Ein Unterschied, der sich auch in einem israelischen Gegenschlag spiegelt, der alle Militäroperationen der Vergangenheit in Gaza in den Schatten stellt. Die Zahl der im Gazastreifen getöteten Palästinenser ist nach Angaben der von der Hamas kontrollierten Gesundheitsbehörde seit Kriegsbeginn vor gut drei Monaten auf mehr als 23.000 gestiegen. Darunter sollen rund 4000 Kinder sein. 136 Geiseln sollen sich noch in der Hand der Hamas befinden. Rund 70 Prozent der Gebäude in Gaza sind zerstört oder schwer beschädigt.
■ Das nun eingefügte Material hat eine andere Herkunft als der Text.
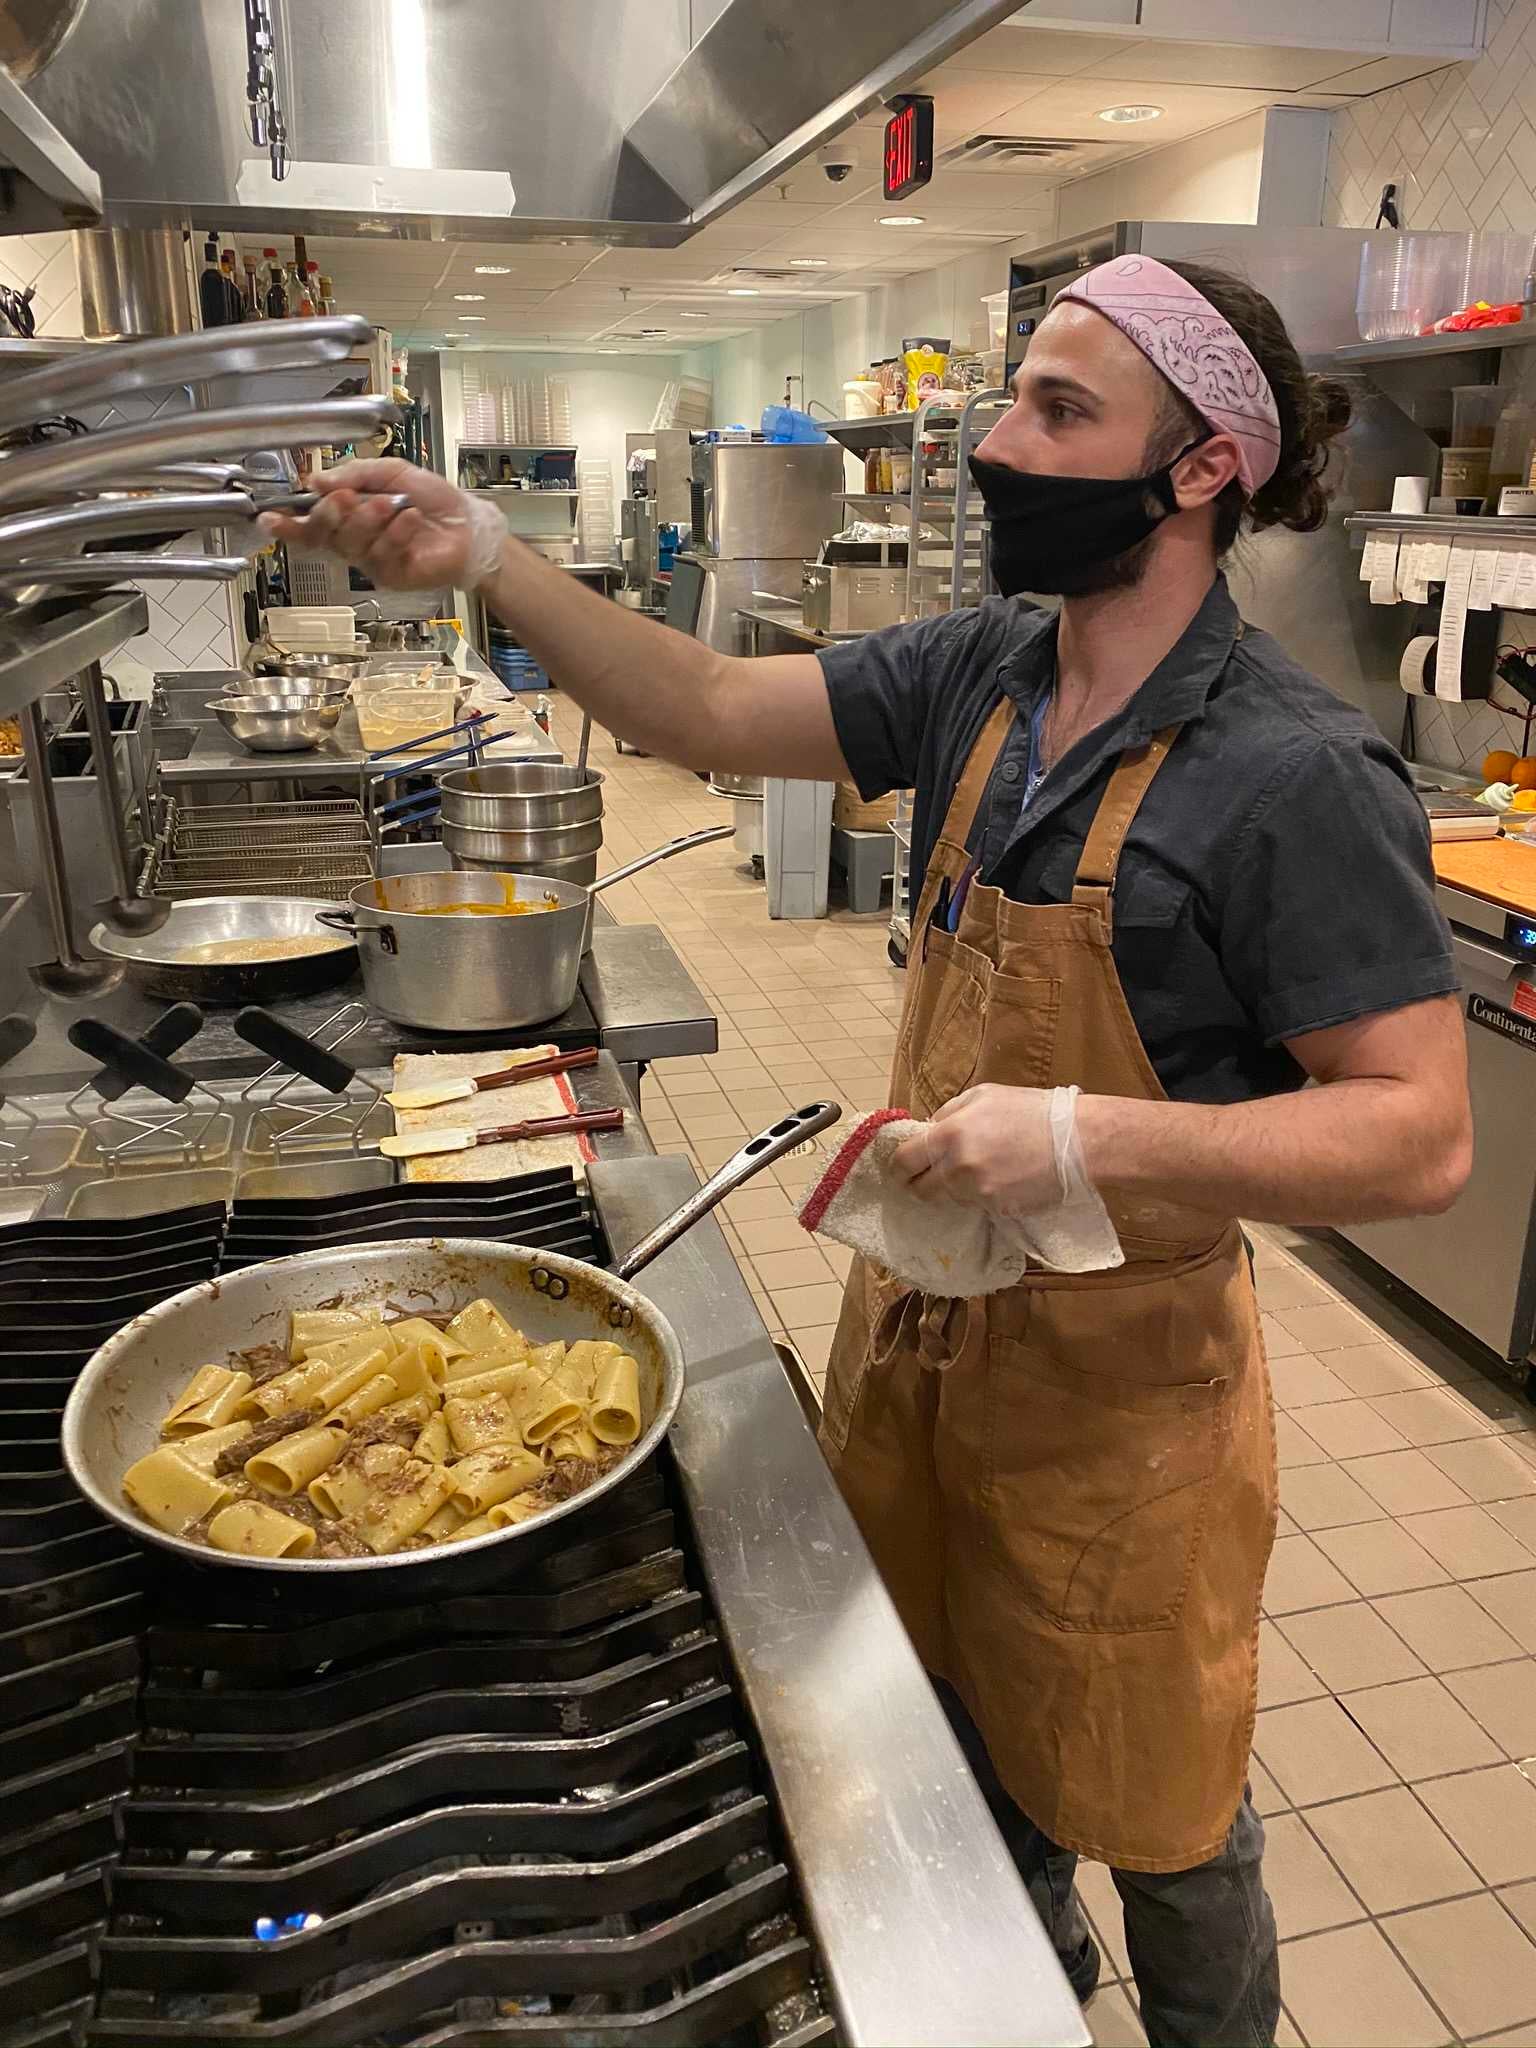 Mask-wearing chefs learn new tricks to cook with limited sense of smell and taste - WHYY

Die humanitäre Lage ist dramatisch. „Gaza ist zu einem Ort des Todes und der Verzweiflung geworden“, sagte der Chef des UN-Nothilfebüros OCHA, Martin Griffiths.
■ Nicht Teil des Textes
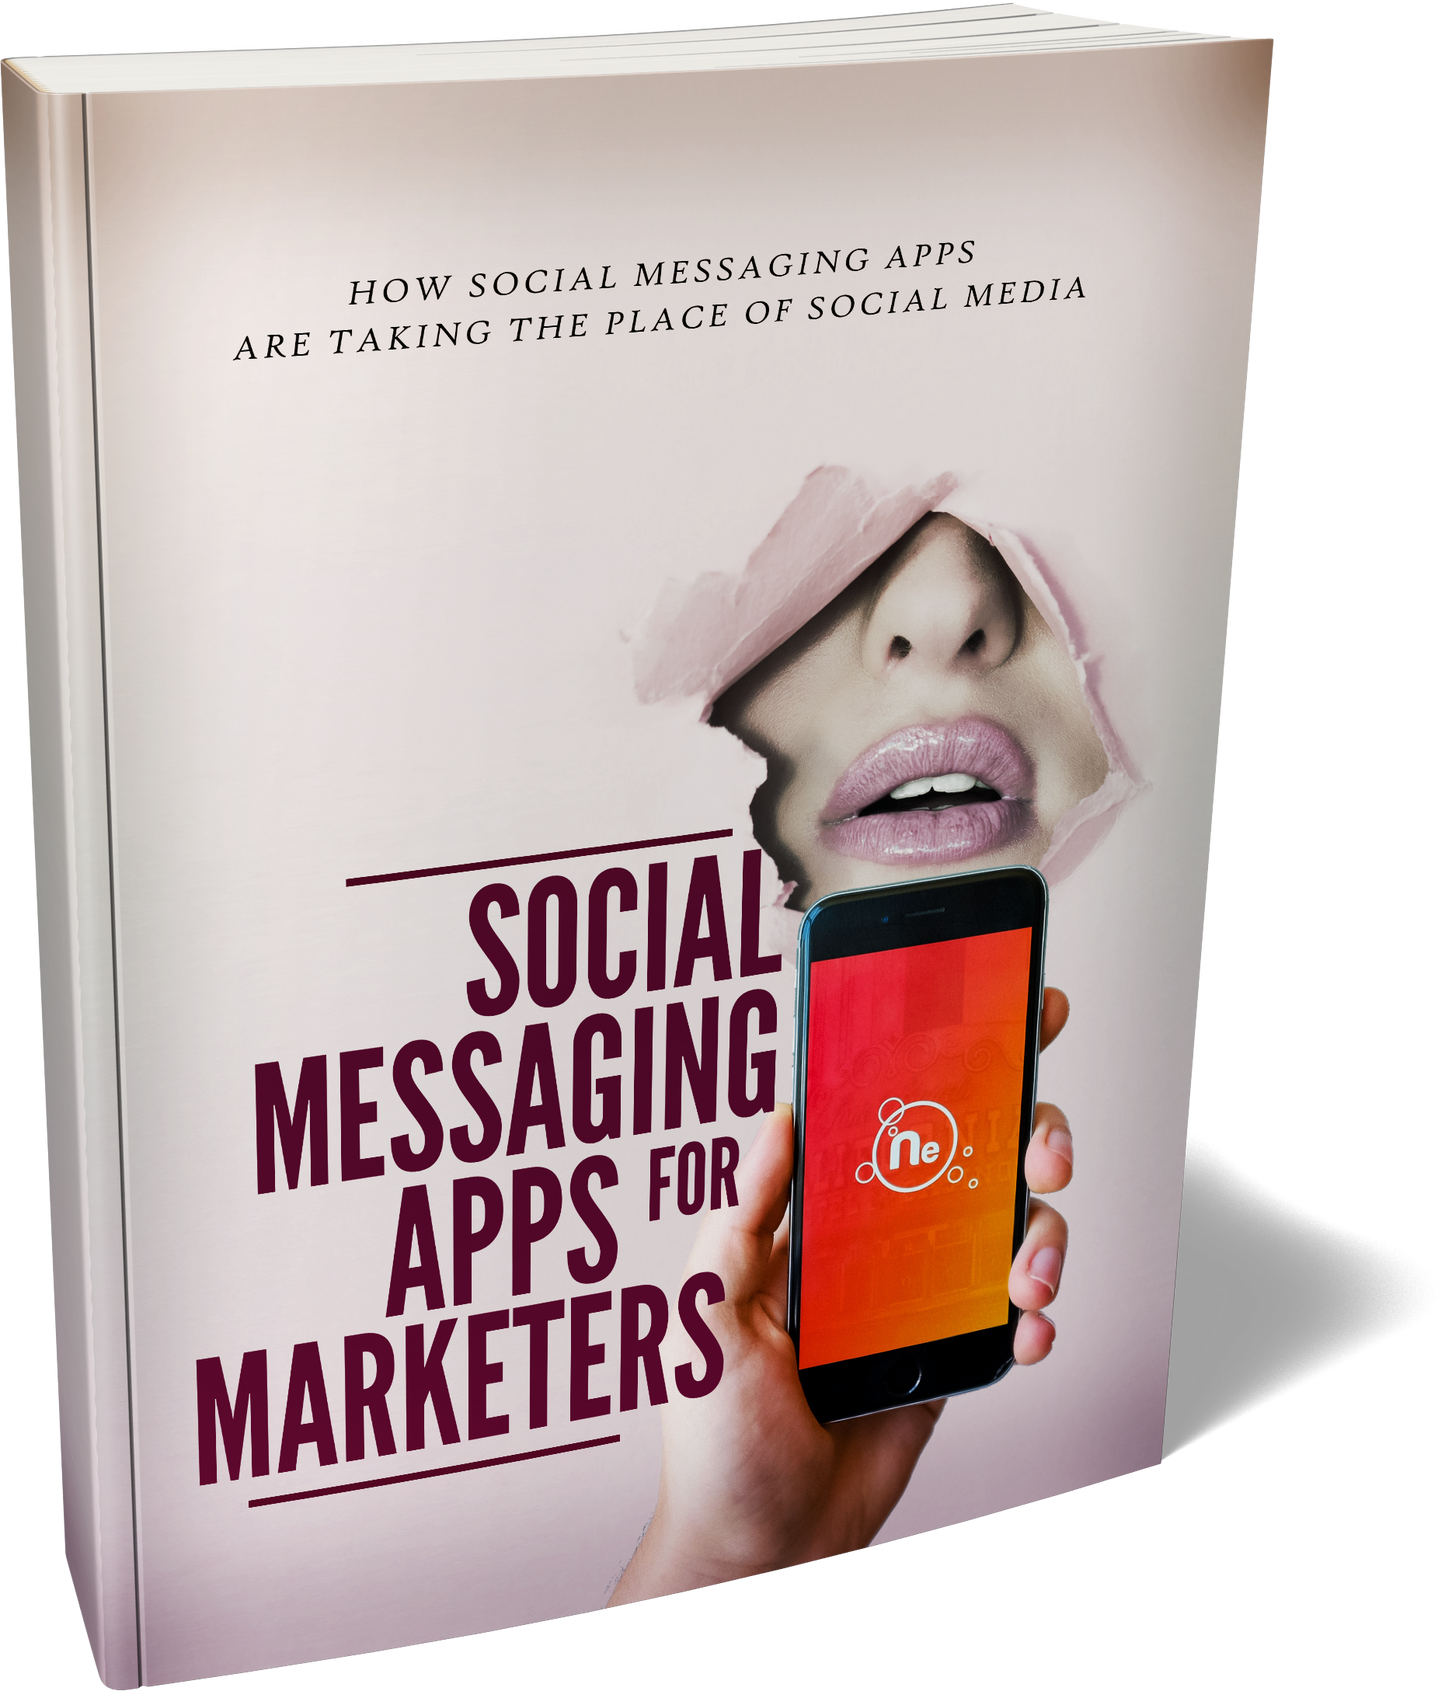 Social Messaging Apps for Marketers

Während der internationale Druck auch von engen Partnern wie den USA oder Deutschland auf Israel wächst, bei seiner Kriegsführung mehr Rücksicht auf Zivilisten in dem eng besiedelten Küstenstreifen zu nehmen und mehr Hilfsgüter zu den Menschen durchzulassen, hält die israelische Regierung am Kriegsziel fest, die Hamas zu vernichten. Für Experte Lintl ein Ziel, das nicht auf allen Ebenen erreichbar ist: „Die Vernichtung des militärischen Potenzials und der Führungsriege der Hamas ist potenziell möglich. Doch Ideologien kann man nicht mit militärischen Mitteln zerstören.“
Die letzten Wochen haben gezeigt, dass die israelische Regierung – sie wird von einem Kriegskabinett unter Einschluss von führenden Oppositionspolitikern geführt – über keine koordinierte Planung für die Zukunft des Gazastreifens nach dem Ende des Krieges verfügt. Was auf dem Tisch liegt, sind Gedankenspiele. Einig sind sich die israelische Regierung und ihre Partner im Westen lediglich in dem Punkt, dass sichergestellt werden muss, dass von Gaza in Zukunft keine Bedrohung mehr für Israel ausgehen darf.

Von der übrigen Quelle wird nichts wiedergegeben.